** Collected material follows **
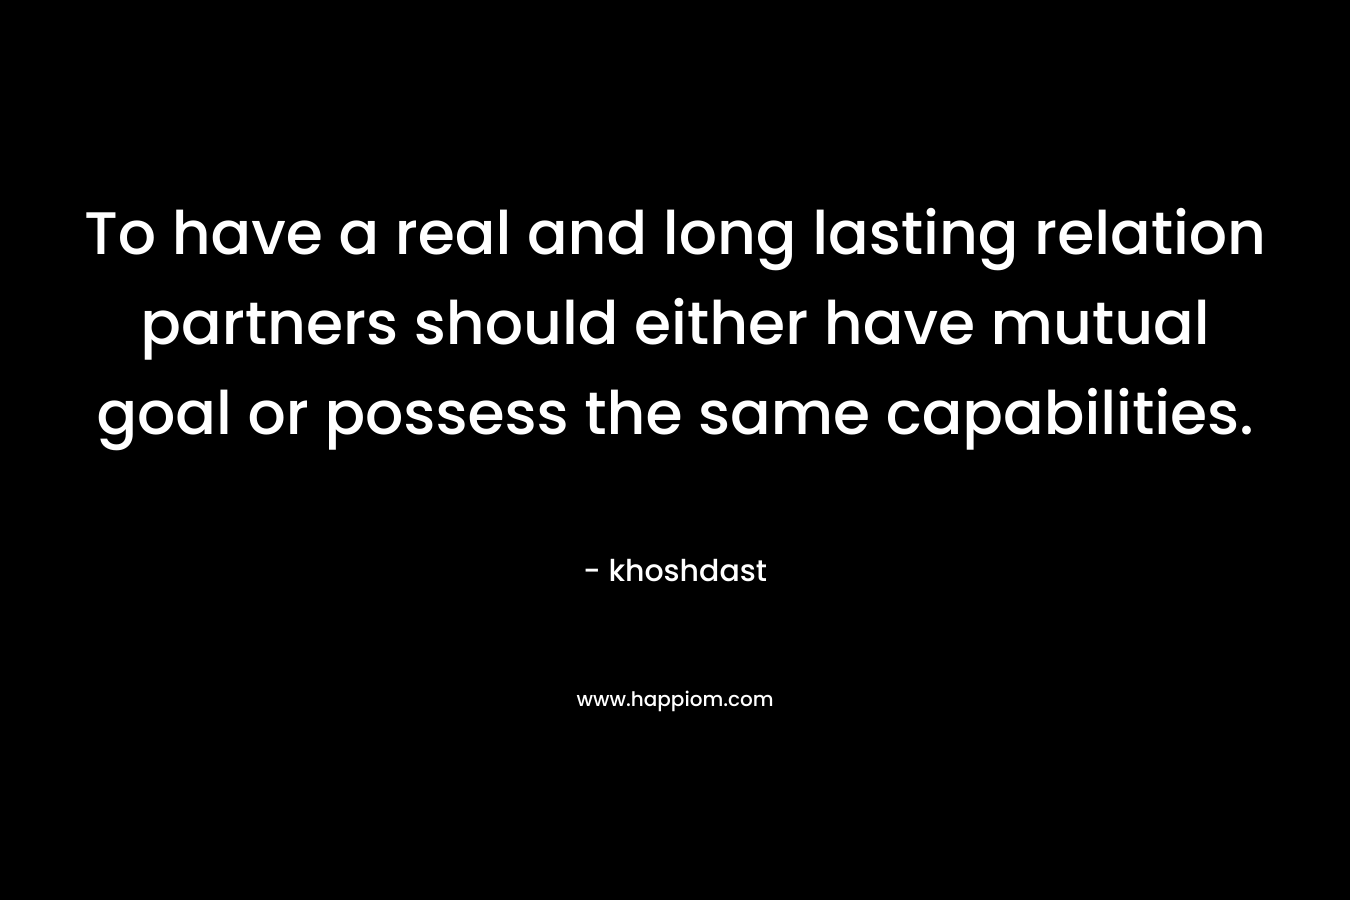 To have a real and long lasting relation partners should either have mutual goal or possess the same capabilities.
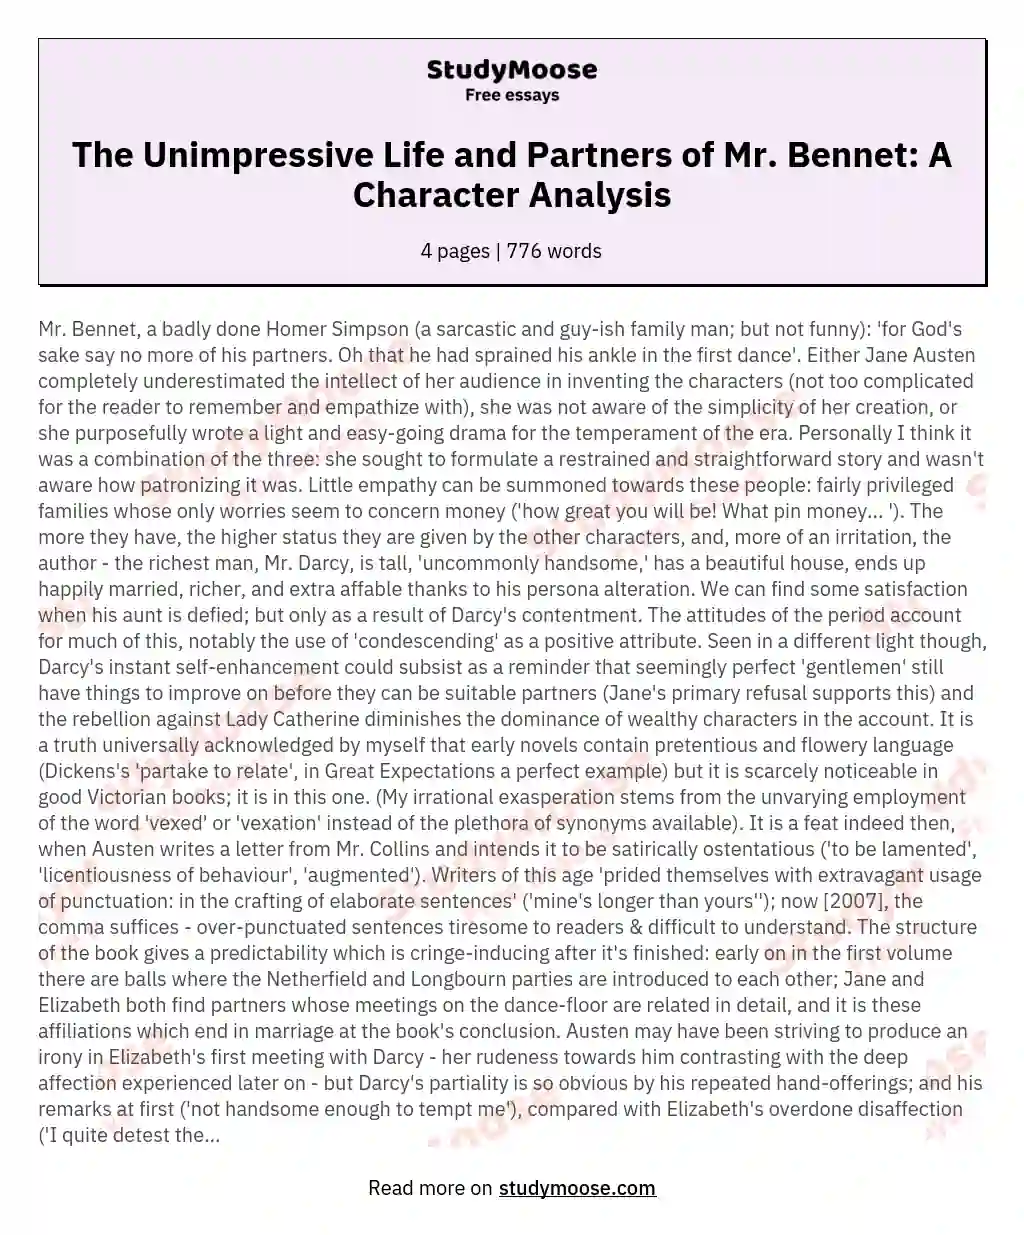 The Unimpressive Life and Partners of Mr. Bennet: A Character Analysis essay
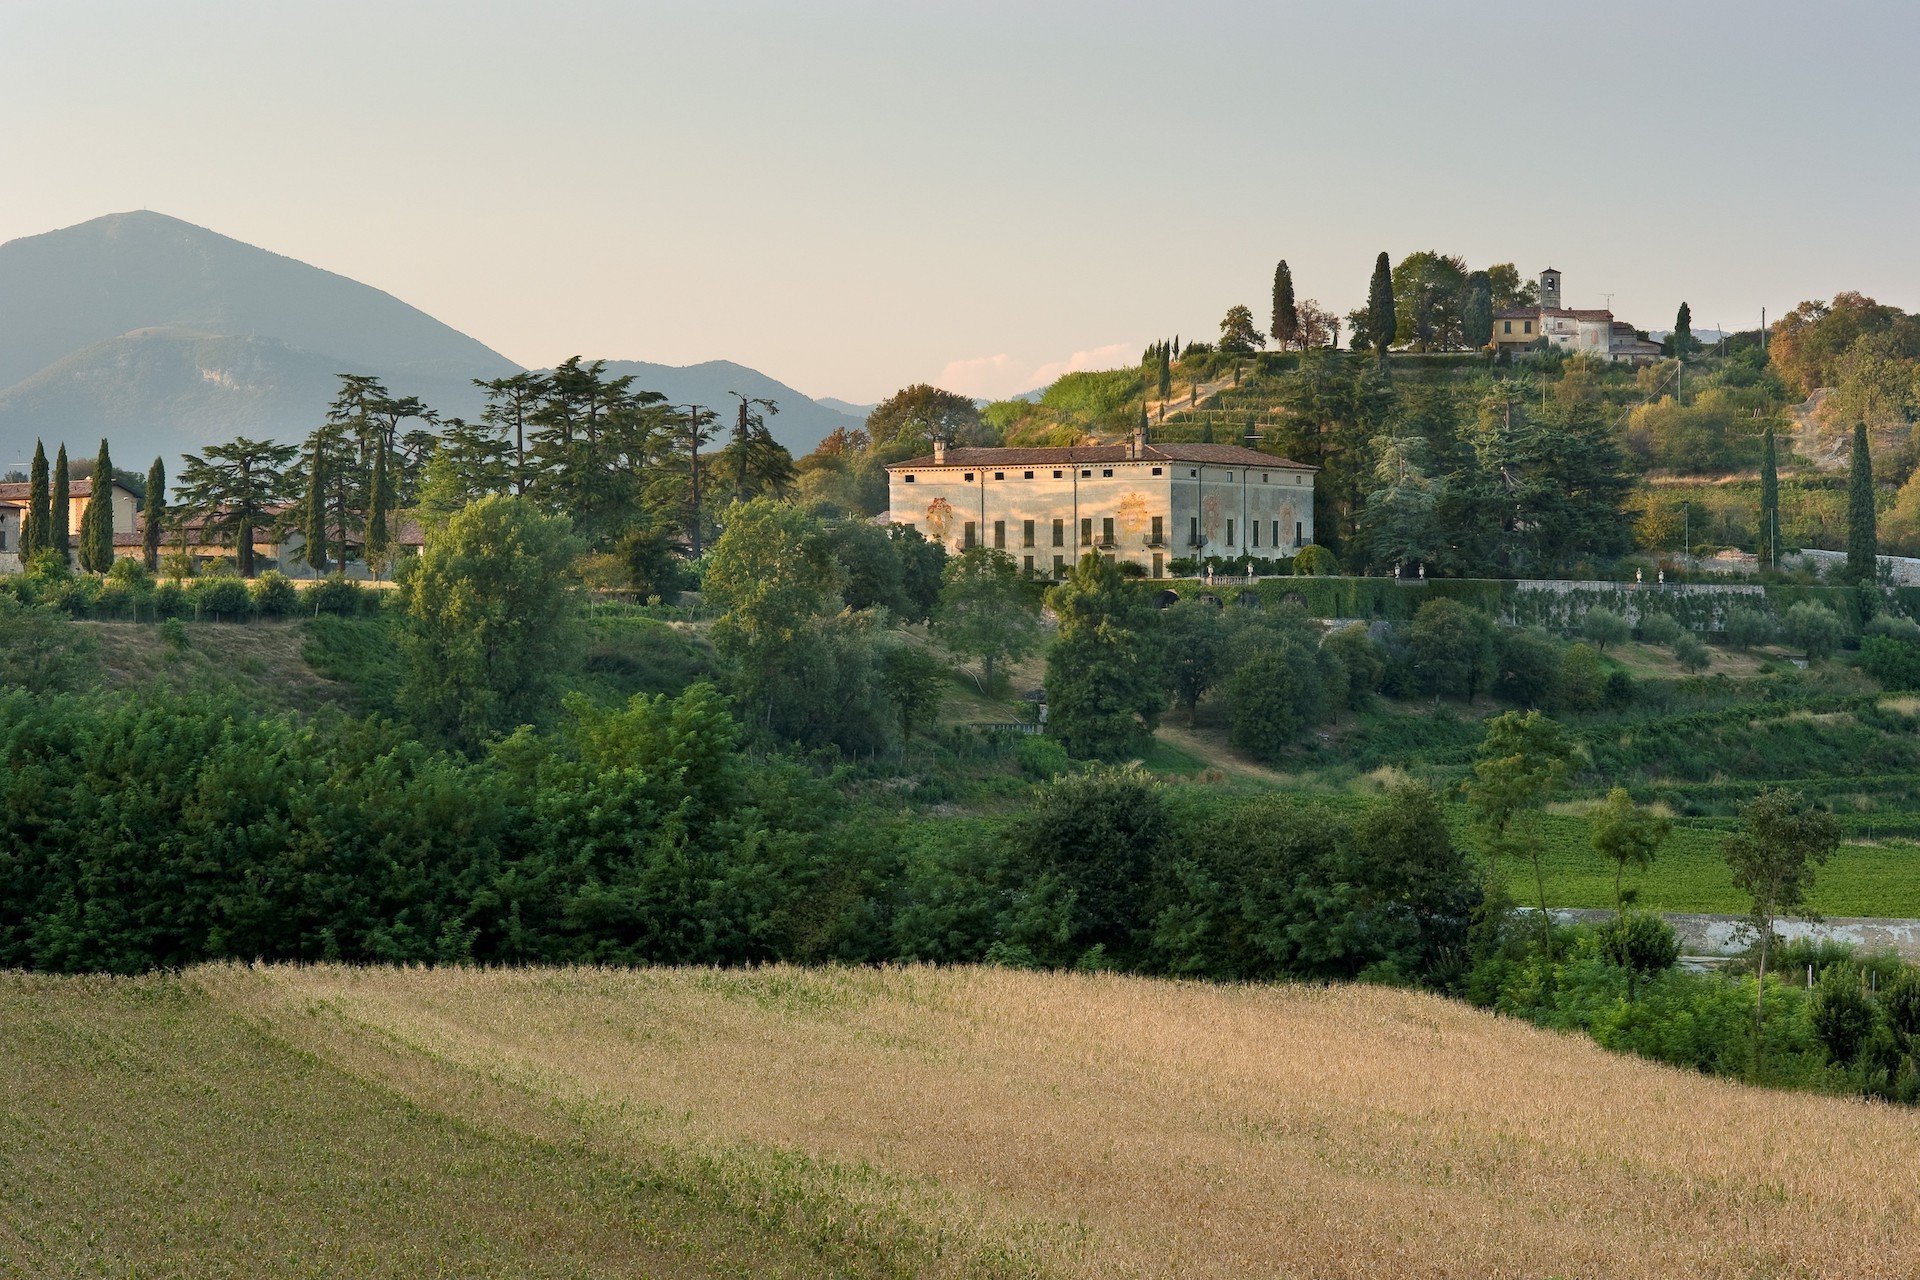 Franciacorta wines express the serenity of this Italian landscape in Lombardy.
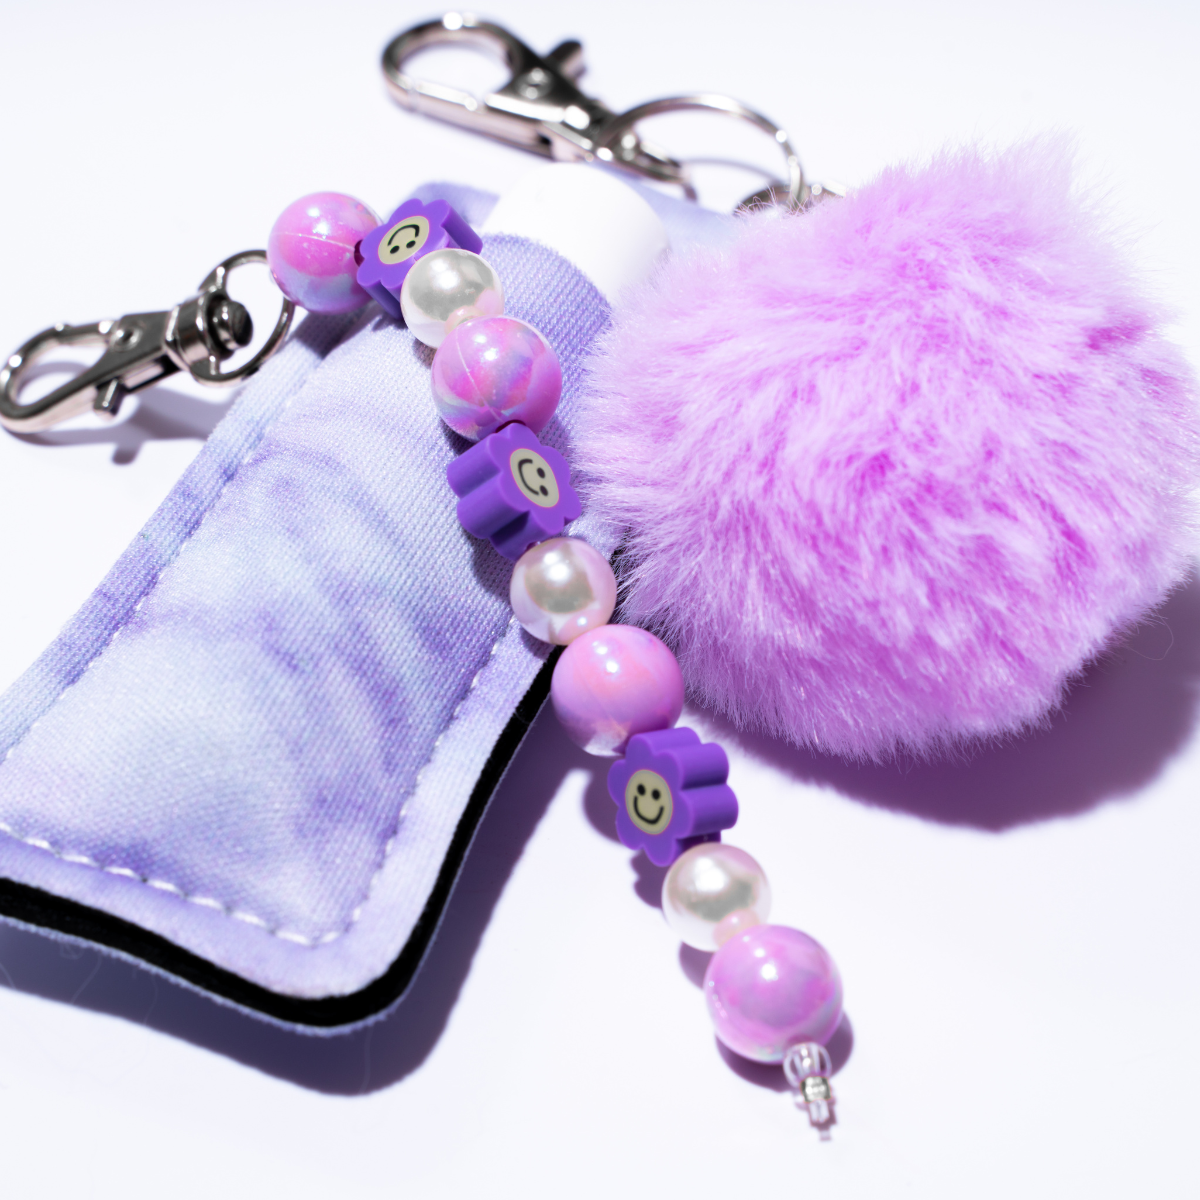 CharCharms Cow Print Holder with Pink Puff Water Bottle Charm
** End of Collected material **
Activity: Would you repeat the listing above exactly, minus the images?

Task answer:
 To have a real and long lasting relation partners should either have mutual goal or possess the same capabilities.
 The Unimpressive Life and Partners of Mr. Bennet: A Character Analysis essay
 Franciacorta wines express the serenity of this Italian landscape in Lombardy.
 CharCharms Cow Print Holder with Pink Puff Water Bottle Charm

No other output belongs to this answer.